▶ _TASK TO COMPLETE_:
Below are entries with pictures in them. Output exactly the lines starting at the line with "Nuclear Engergy TV" and ending at the line with "Un homme portant", both included, but not the pictures.

▶ _STORED DATA_:
=== Begin Enclosure ===
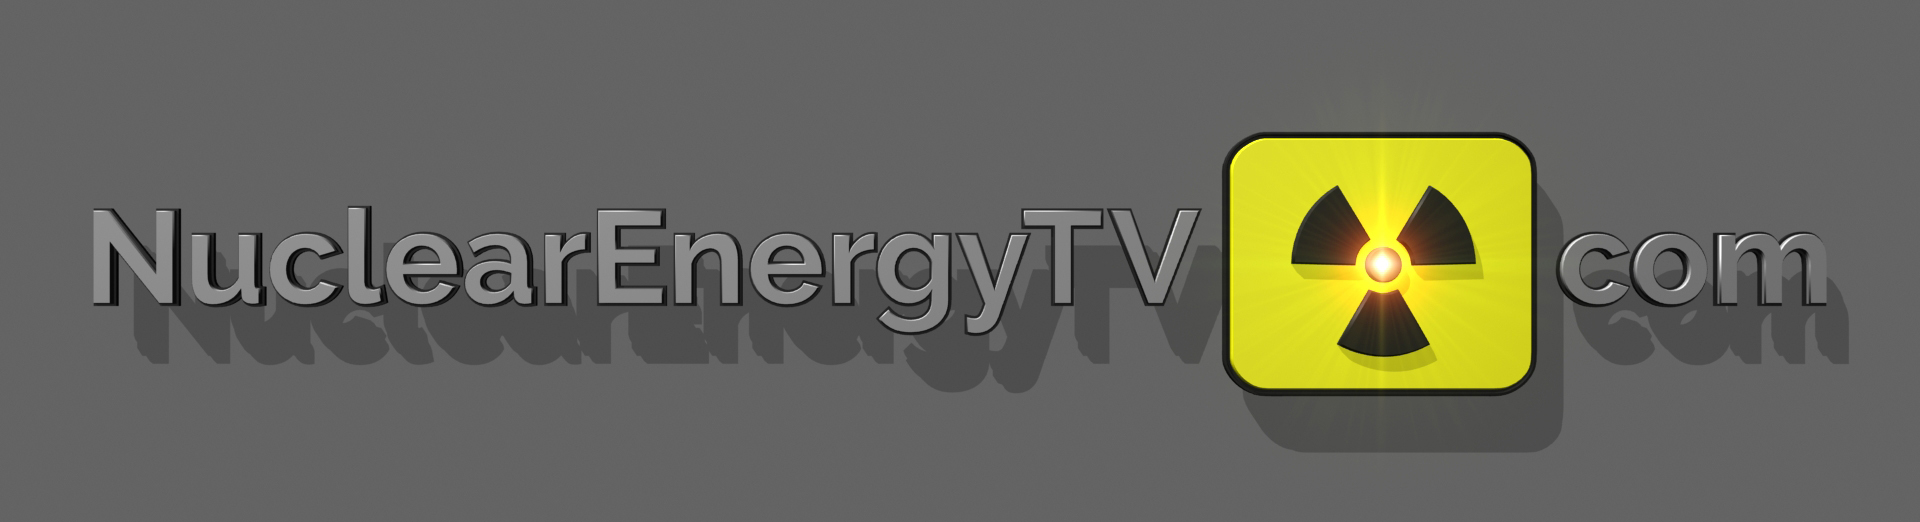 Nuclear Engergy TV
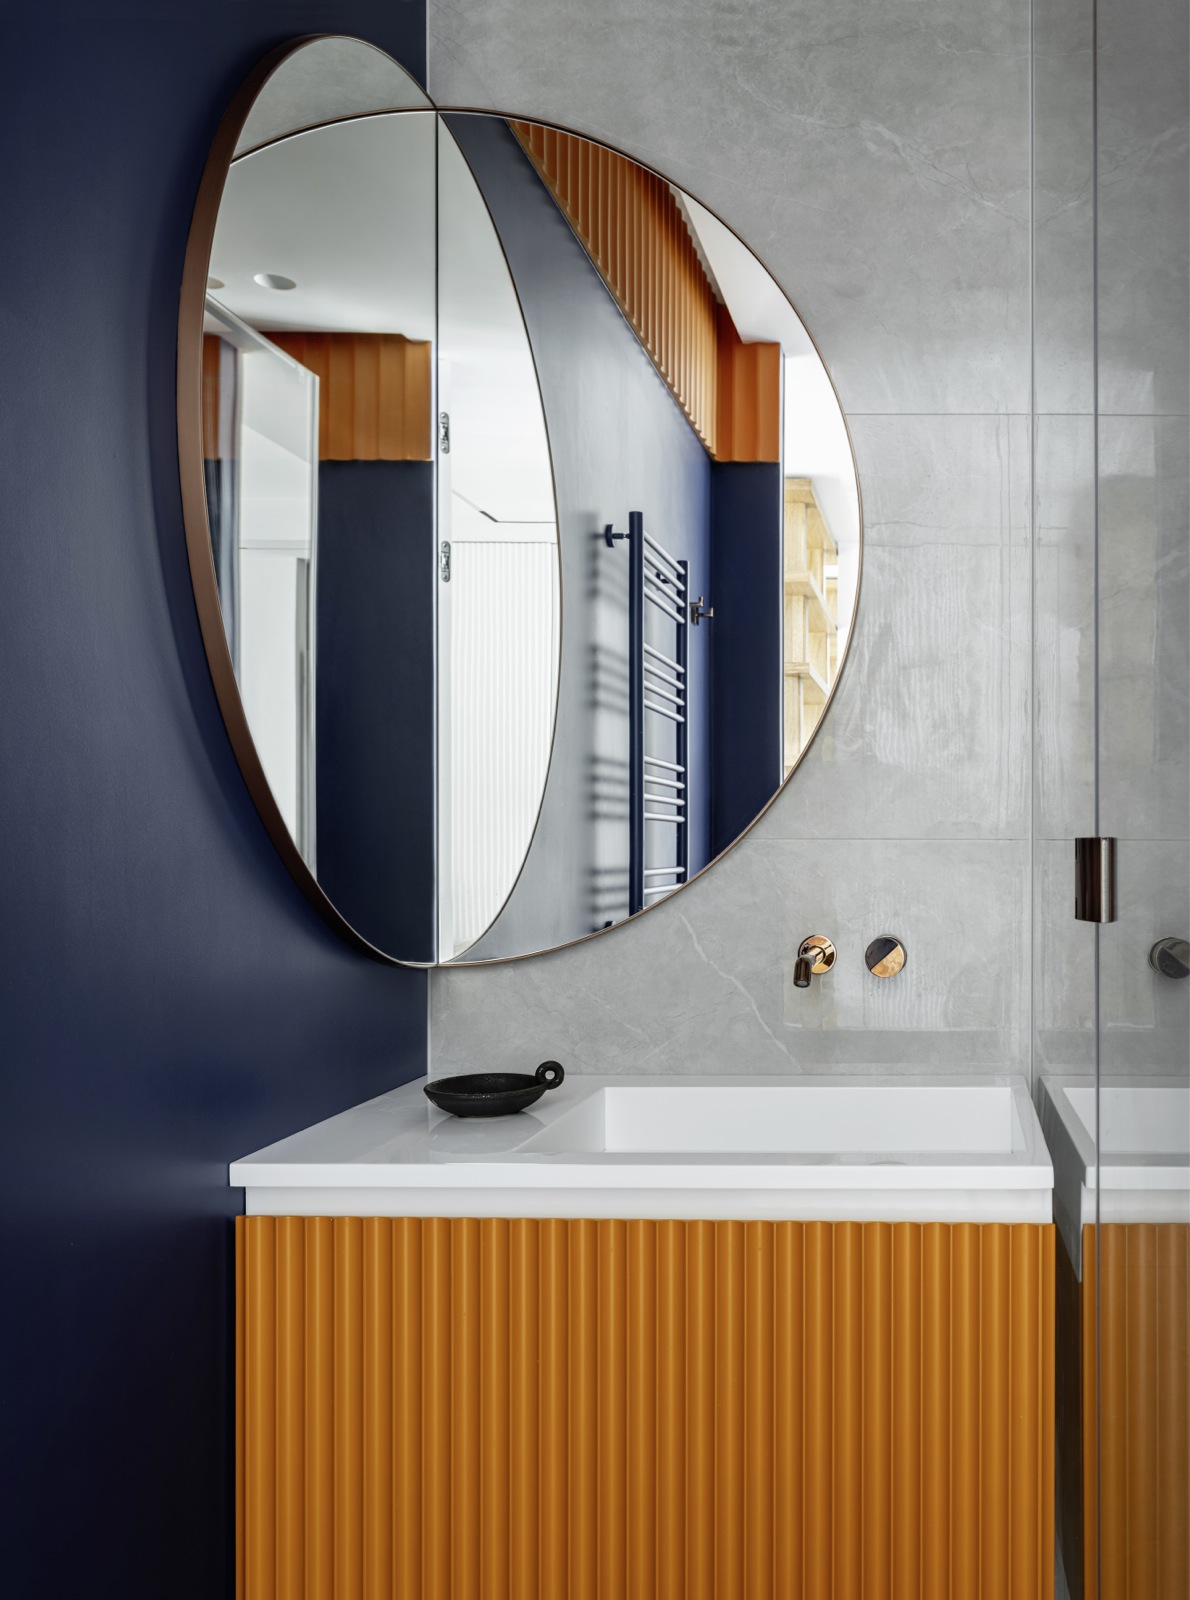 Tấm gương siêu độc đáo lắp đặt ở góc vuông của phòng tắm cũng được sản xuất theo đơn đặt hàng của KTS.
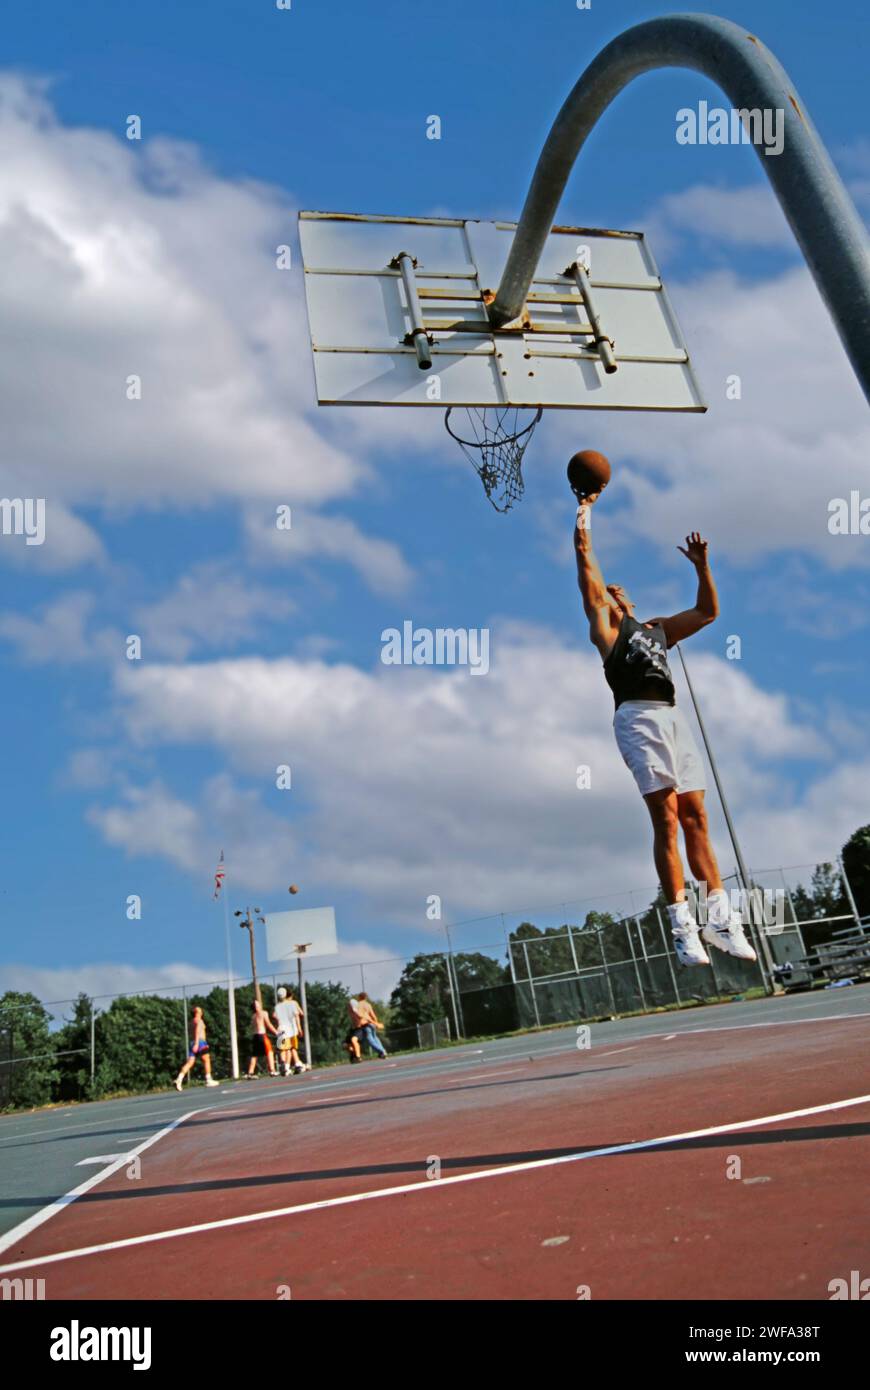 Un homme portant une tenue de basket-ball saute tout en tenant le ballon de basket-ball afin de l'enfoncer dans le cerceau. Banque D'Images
=== End Enclosure ===
=== Begin Enclosure ===
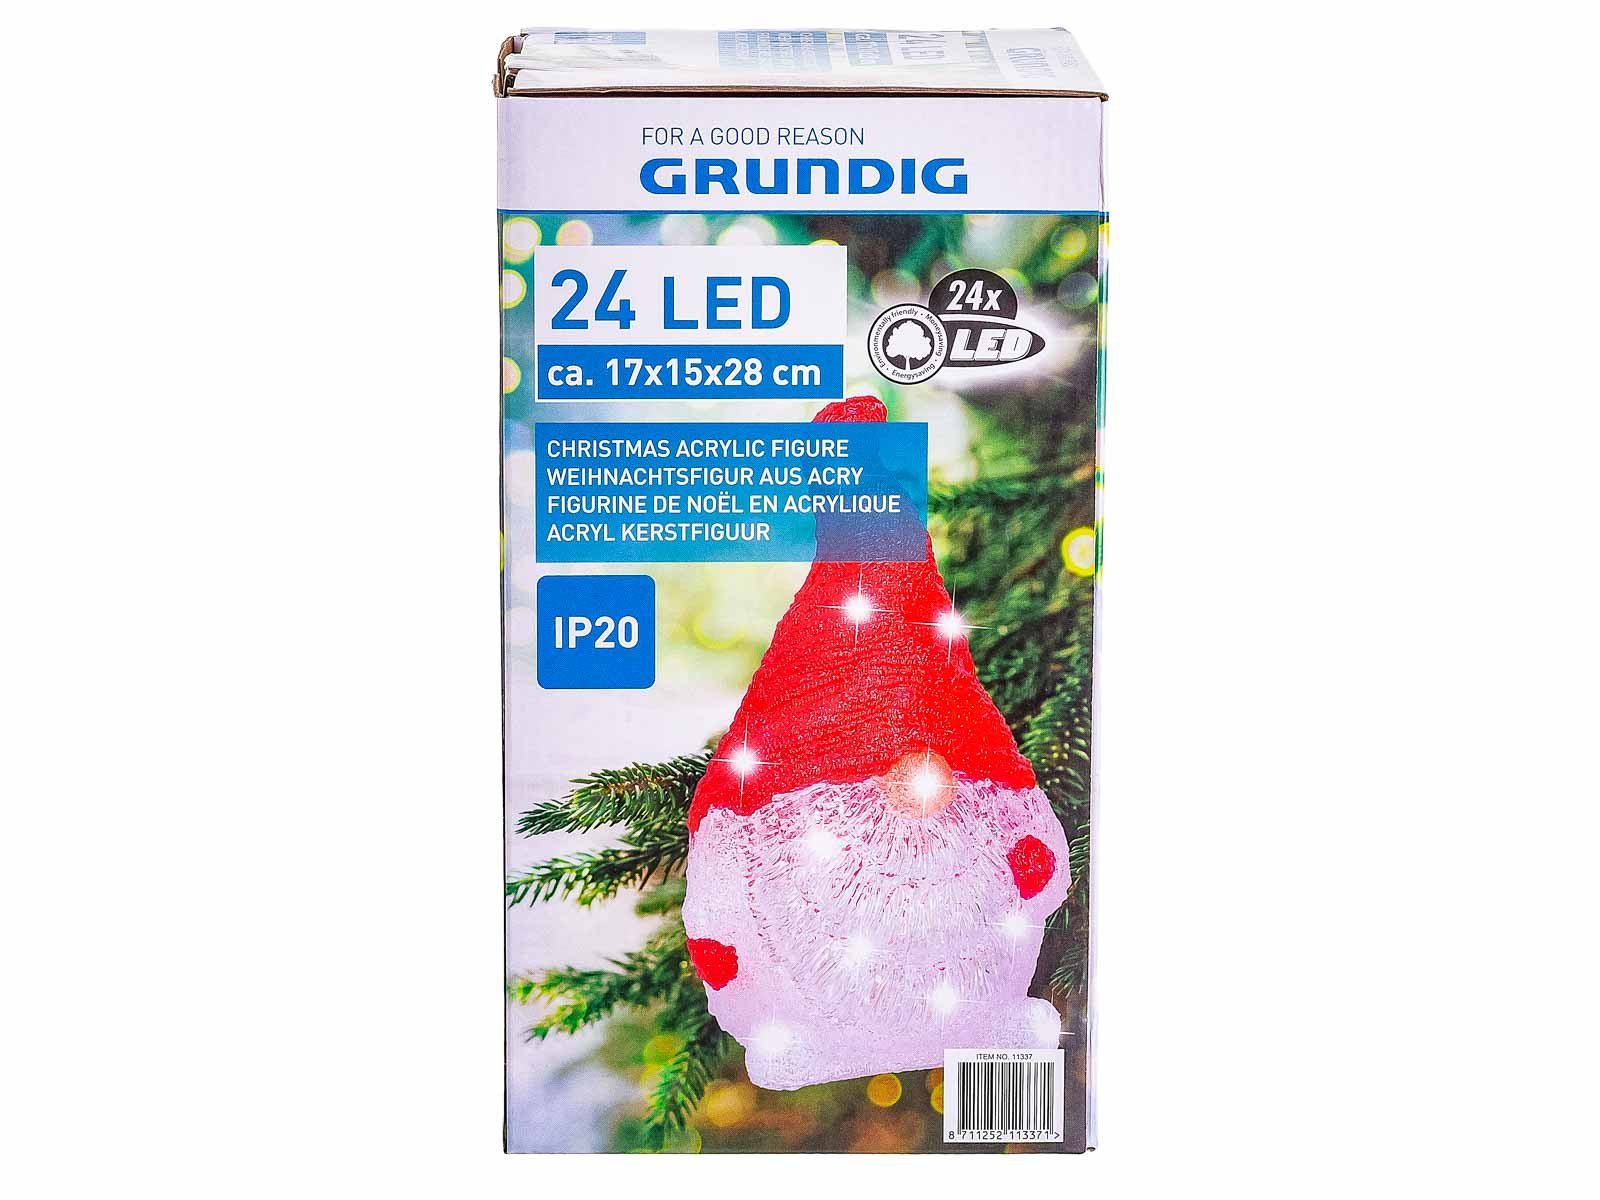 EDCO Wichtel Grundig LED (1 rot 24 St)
=== End Enclosure ===
▶ _YOUR RESPONSE_:
 Nuclear Engergy TV
 Tấm gương siêu độc đáo lắp đặt ở góc vuông của phòng tắm cũng được sản xuất theo đơn đặt hàng của KTS.
 Un homme portant une tenue de basket-ball saute tout en tenant le ballon de basket-ball afin de l'enfoncer dans le cerceau. Banque D'Images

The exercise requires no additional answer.